> TASK REQUIREMENTS
Nothing but the lines from the one with "South Fork Long-Sleeved" through the end of the listing should be reproduced, each exactly and with pictures omitted.

> DATA SHOWN
--------

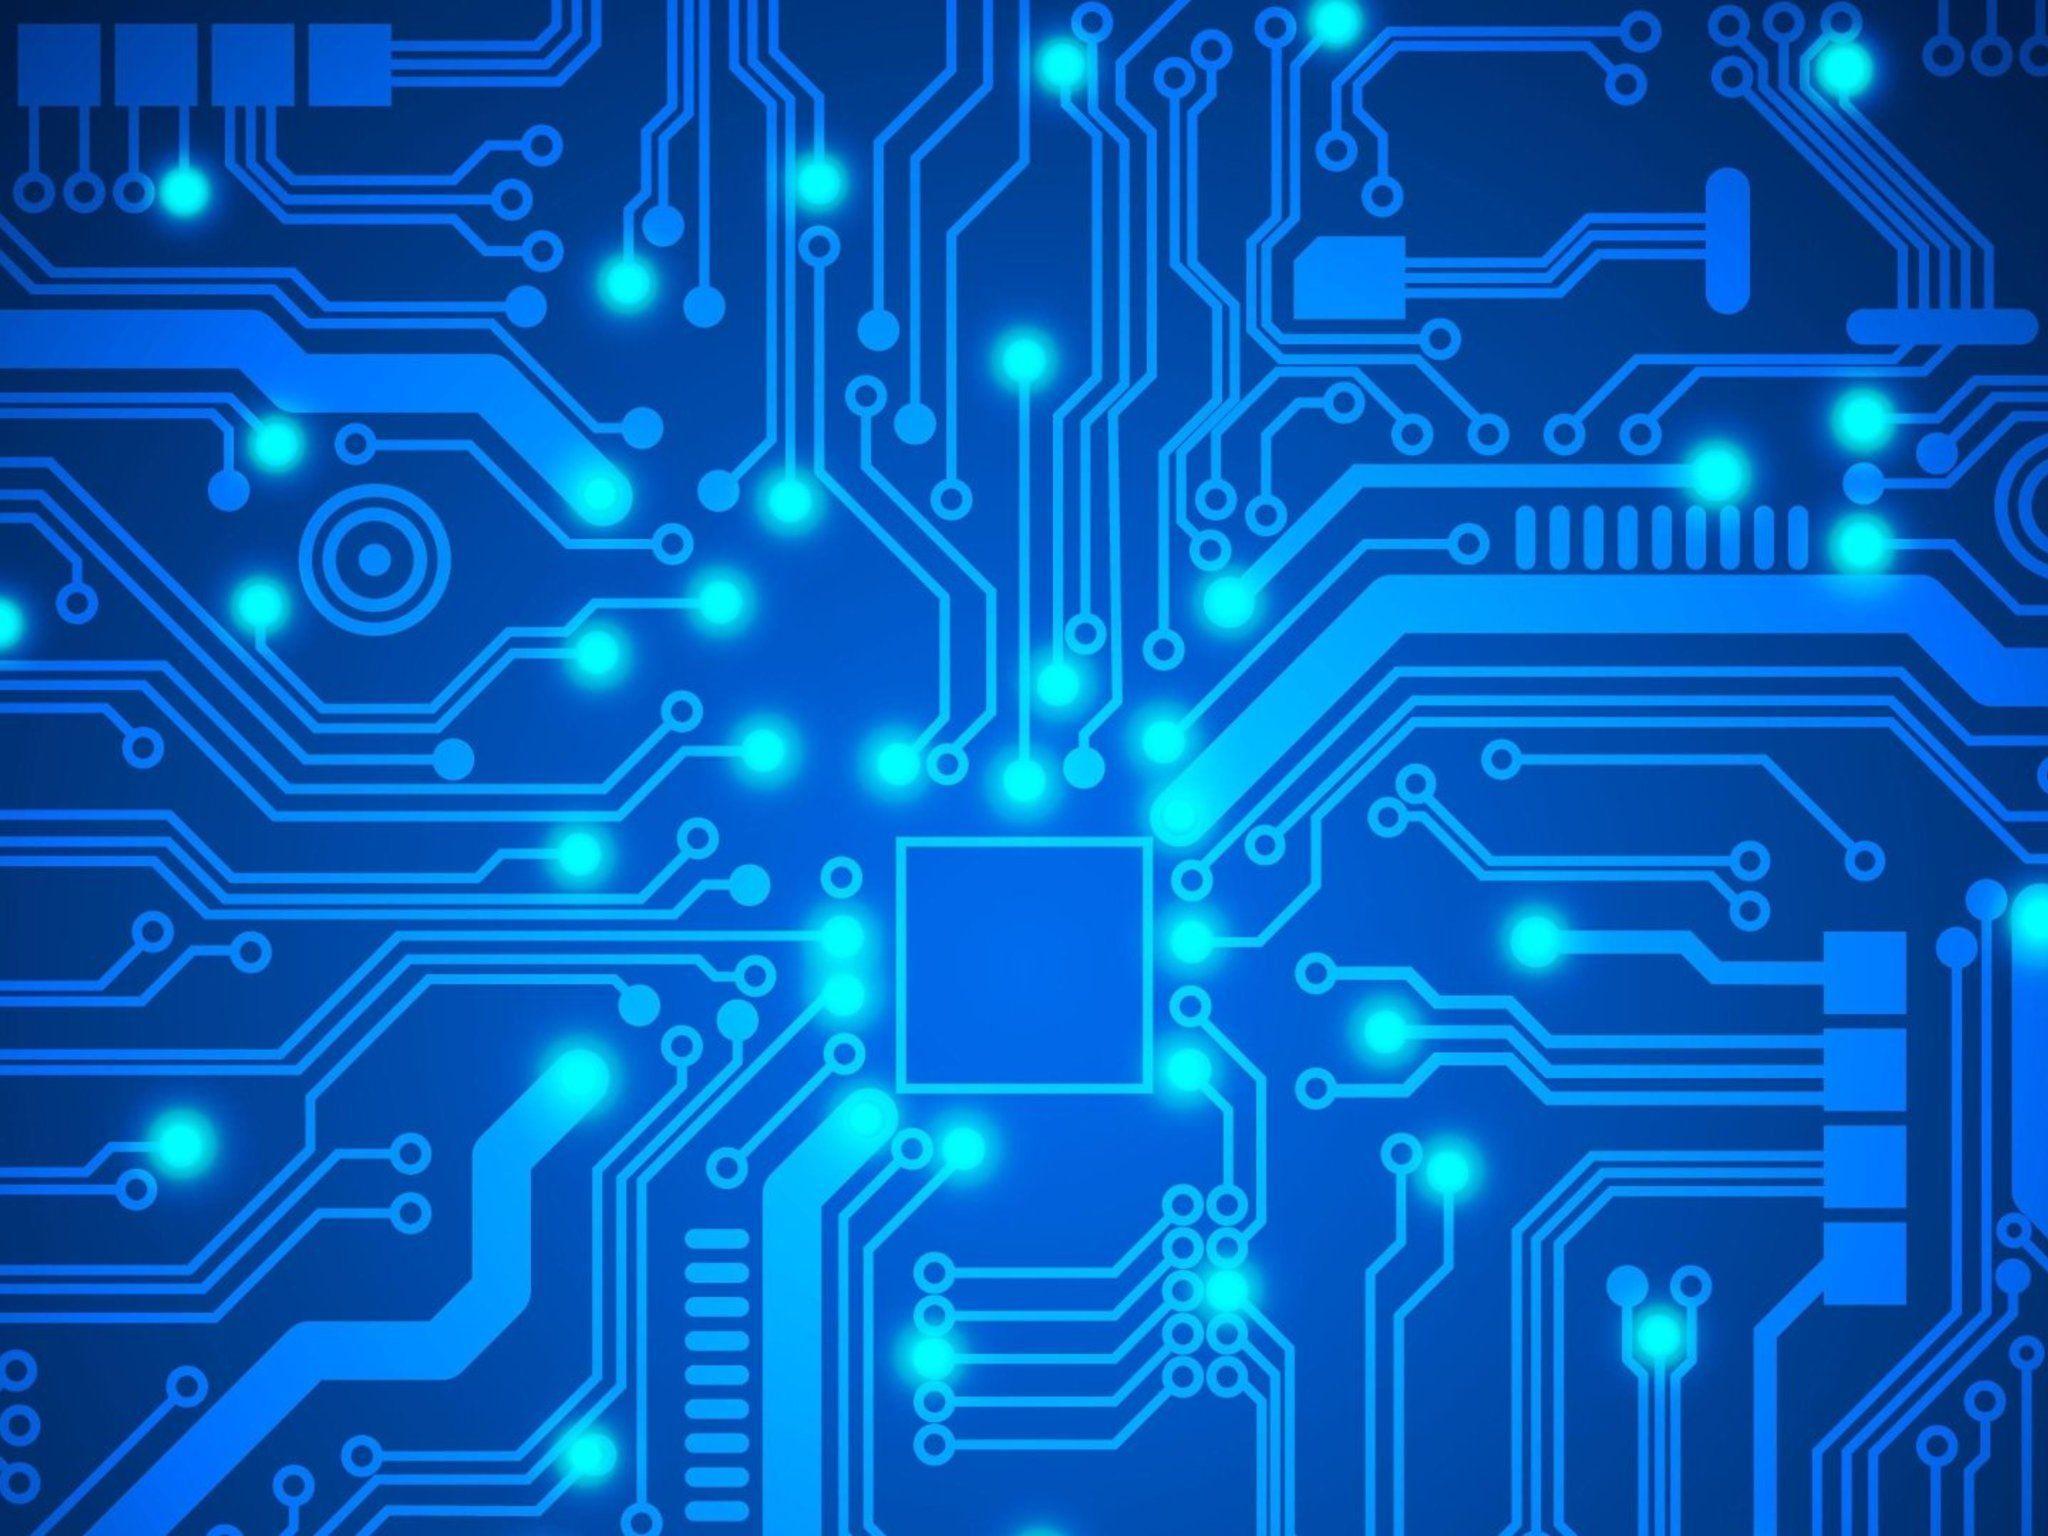 Electrical Engineering Wallpapers
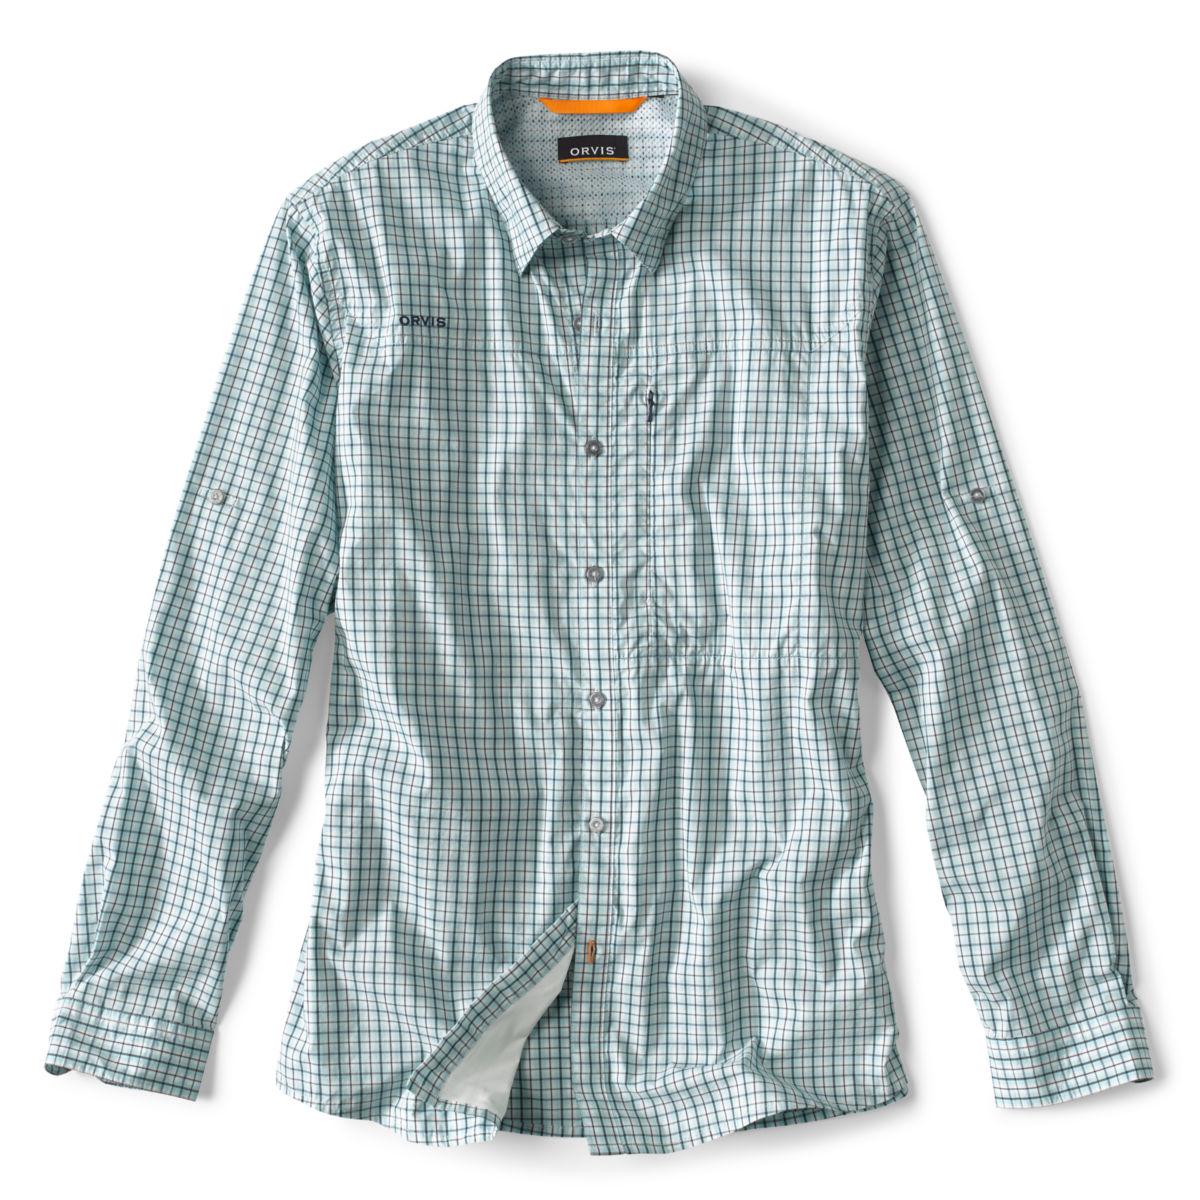 South Fork Long-Sleeved Stretch Shirt - image number 0
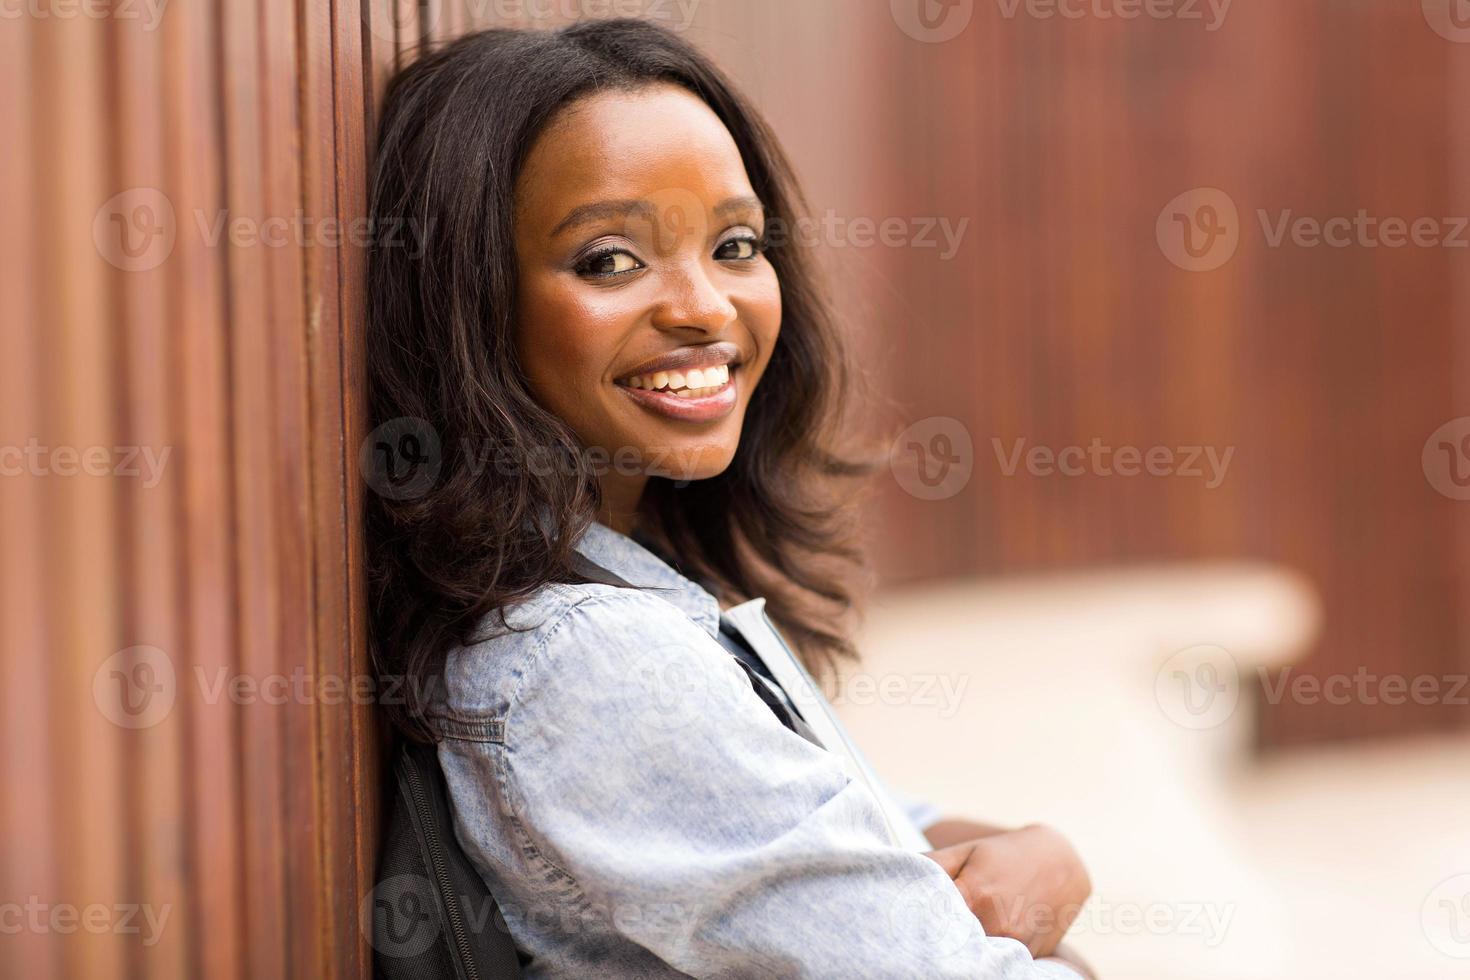 Retrato de joven universitaria afroamericana foto

--------

> COMPLETED EXERCISE
 South Fork Long-Sleeved Stretch Shirt - image number 0
 Retrato de joven universitaria afroamericana foto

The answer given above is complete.